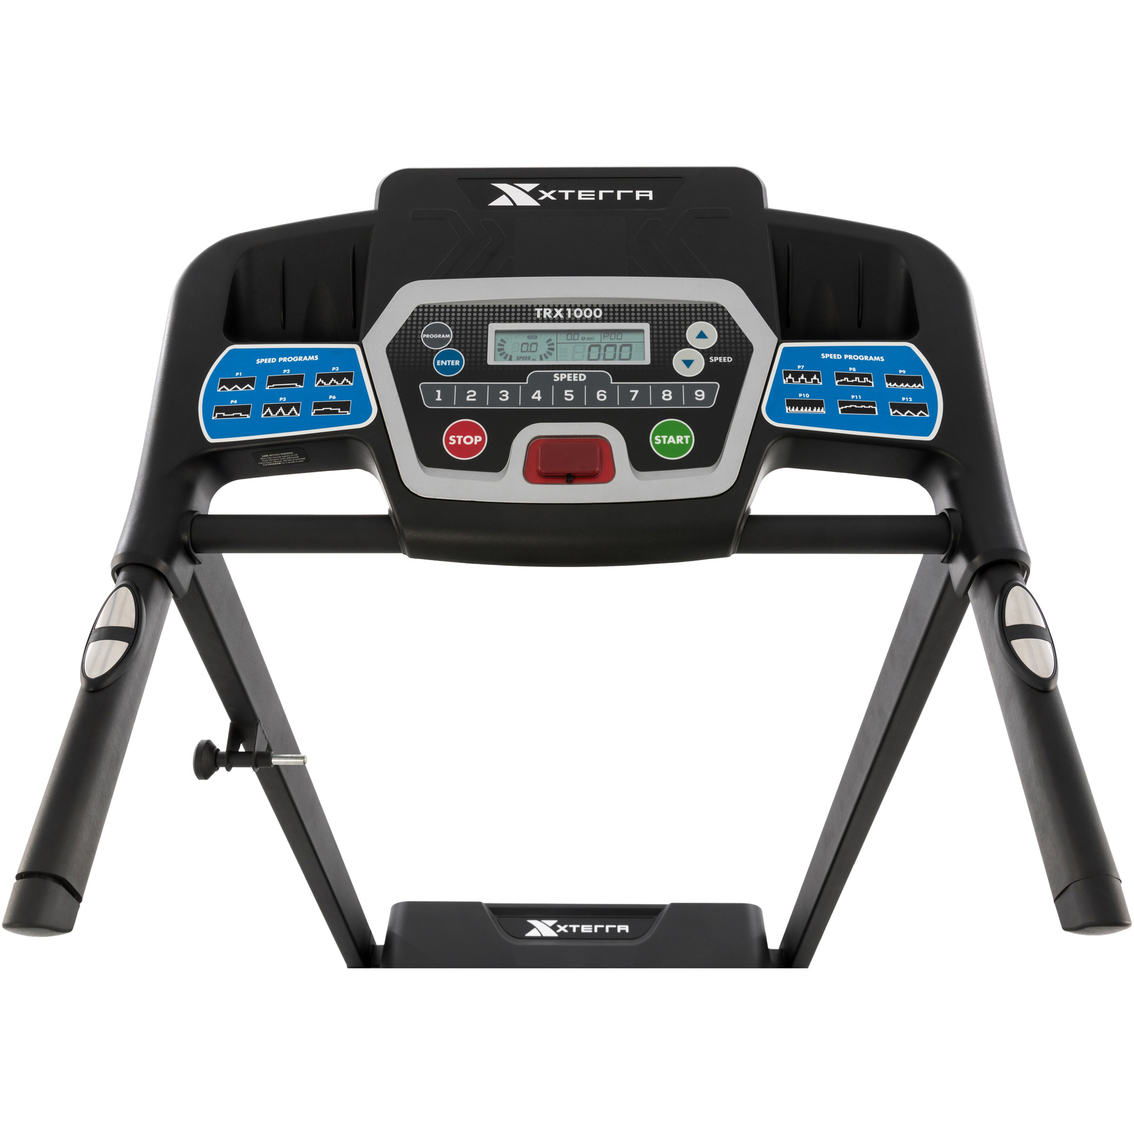 XTERRA Fitness TRX1000 Folding Treadmill - Image 5 of 10
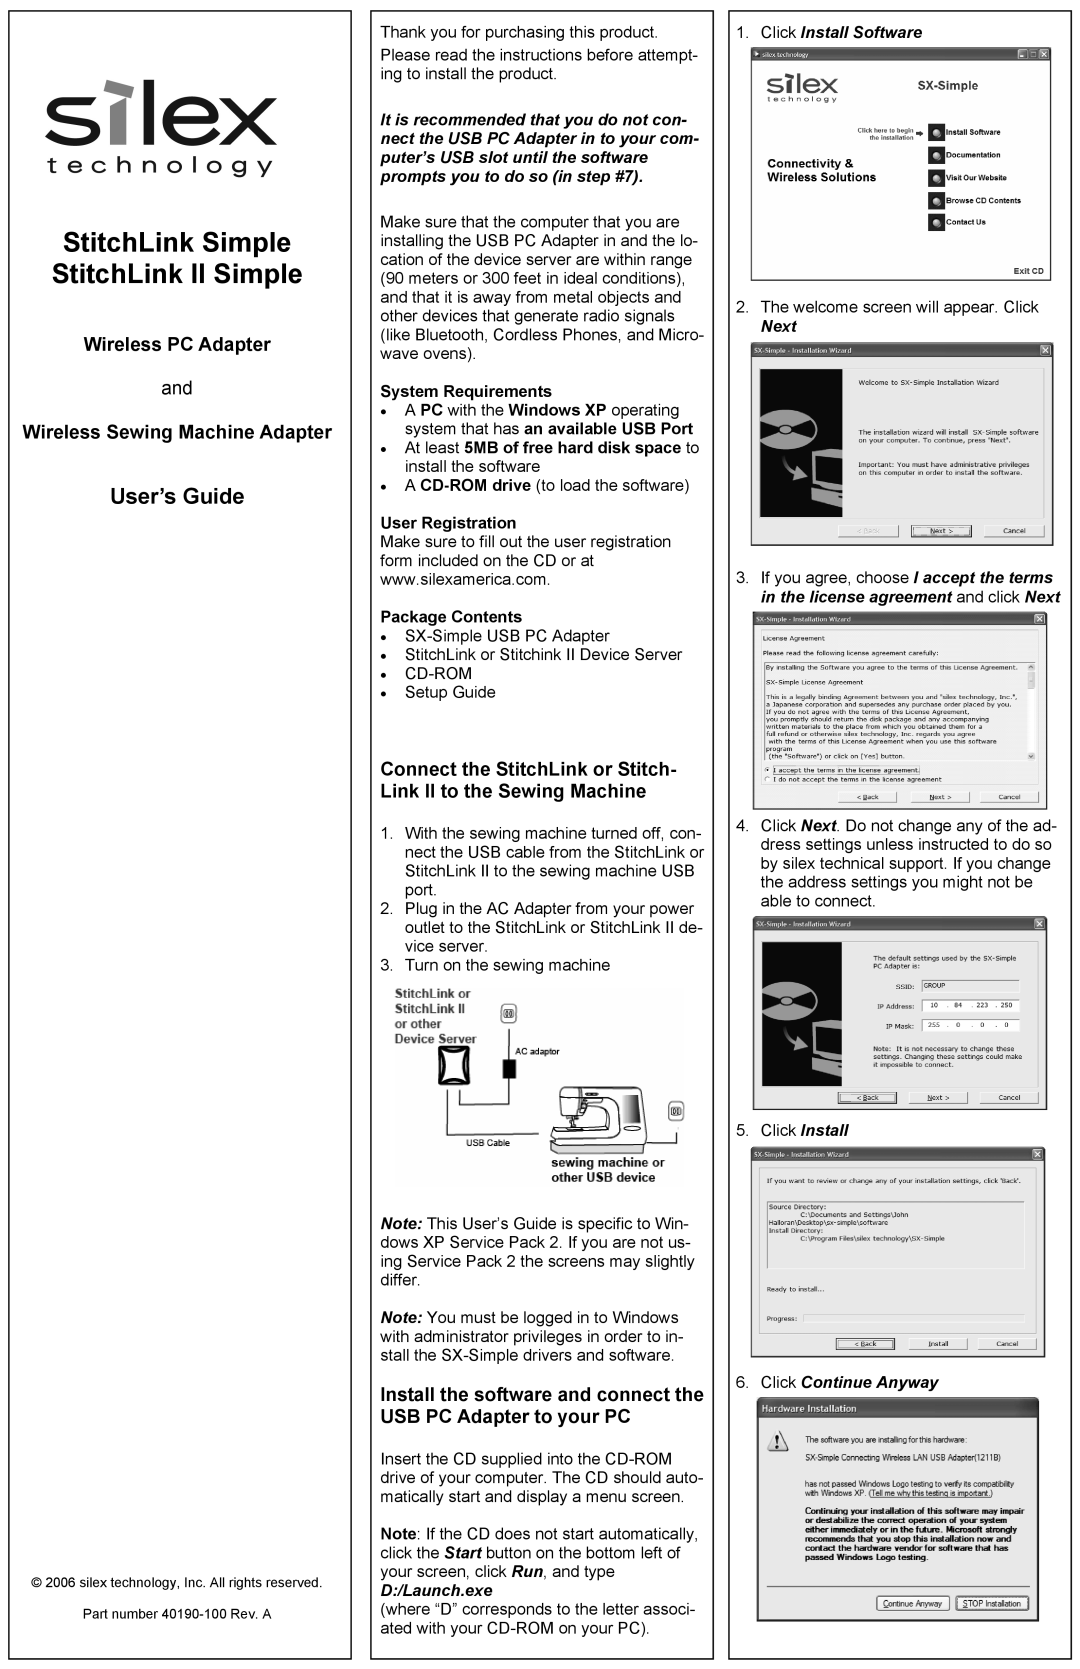 Silex technology 40190-100 setup guide User’s Guide, D/Launch.exe, Click Install Software, Next, Wireless PC Adapter 
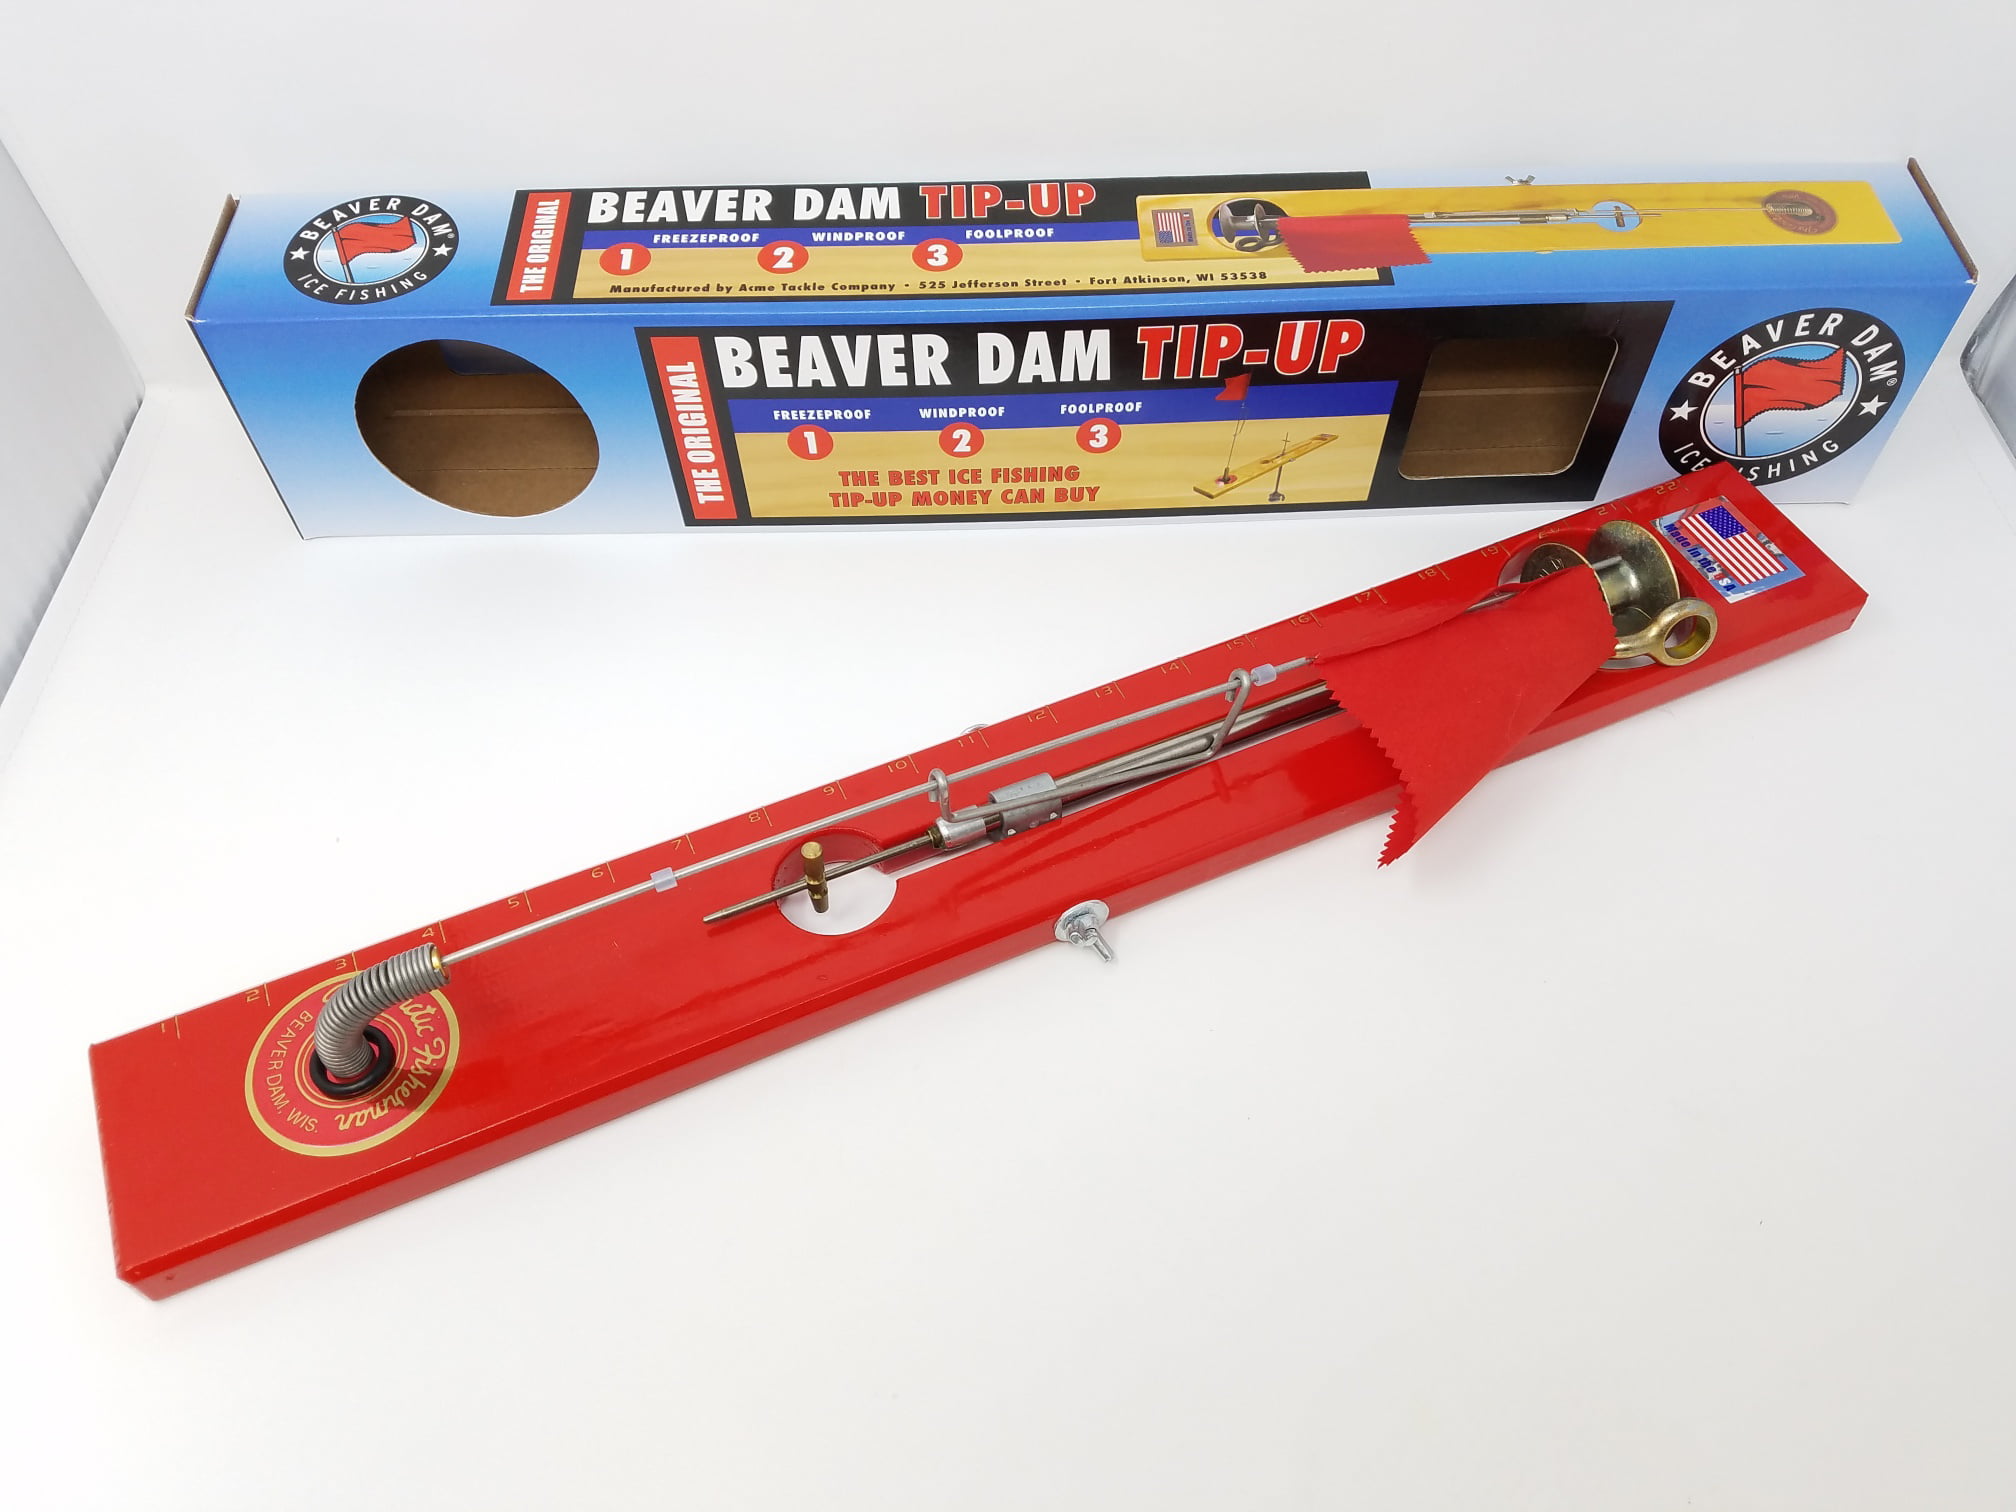 Beaver Dam Tip-up Original Red on Red

- - - - -

Copy exactly, and only, the lines from the line containing "Silex technology 40190-100" through the final line of the material above, with no pictures.

• _Answer for the task_
 Silex technology 40190-100 setup guide User’s Guide, D/Launch.exe, Click Install Software, Next, Wireless PC Adapter 
 Beaver Dam Tip-up Original Red on Red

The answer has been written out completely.